**SUPPLIED ENTRIES**
☆ ☆ ☆
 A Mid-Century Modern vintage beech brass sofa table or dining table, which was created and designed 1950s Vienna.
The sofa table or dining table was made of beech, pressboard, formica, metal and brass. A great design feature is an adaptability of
☆ ☆ ☆
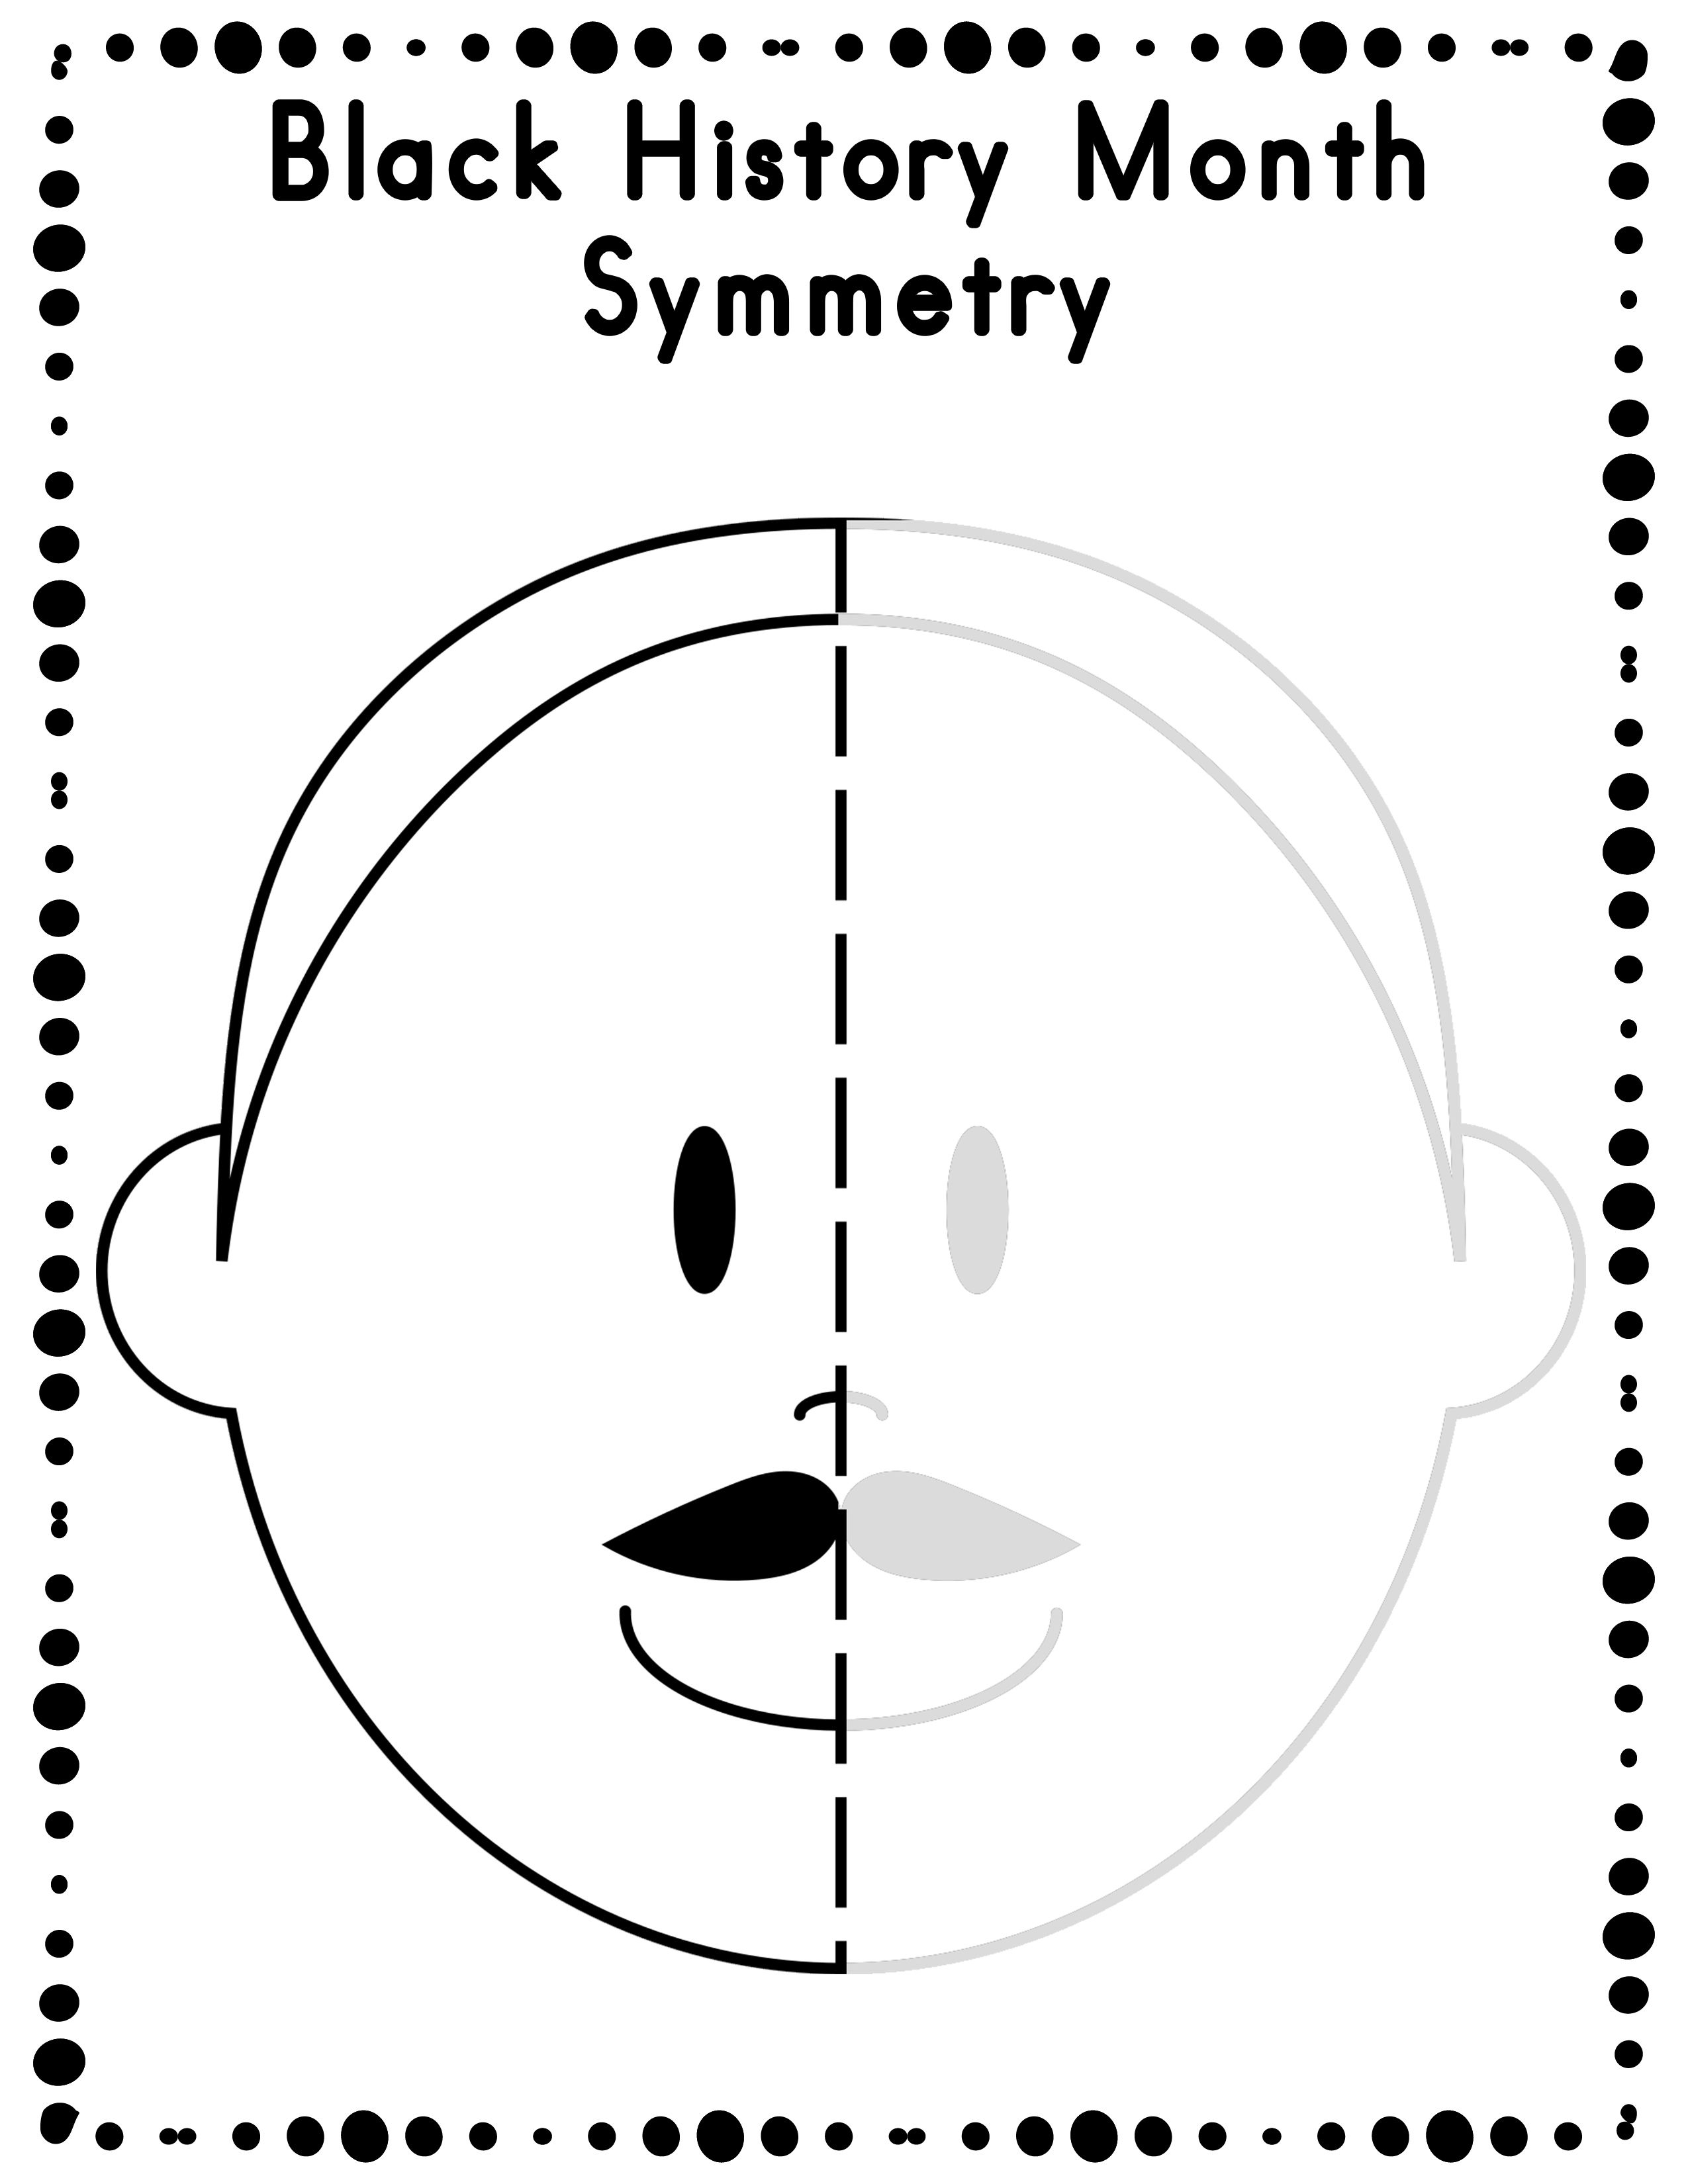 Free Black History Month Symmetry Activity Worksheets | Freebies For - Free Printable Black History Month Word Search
☆ ☆ ☆
What you return should be exactly the lines above, starting at the one with "A Mid-Century Modern" and ending at the one with "The sofa table", and nothing else.

**ANSWER TO THE EXERCISE**
 A Mid-Century Modern vintage beech brass sofa table or dining table, which was created and designed 1950s Vienna.
The sofa table or dining table was made of beech, pressboard, formica, metal and brass. A great design feature is an adaptability of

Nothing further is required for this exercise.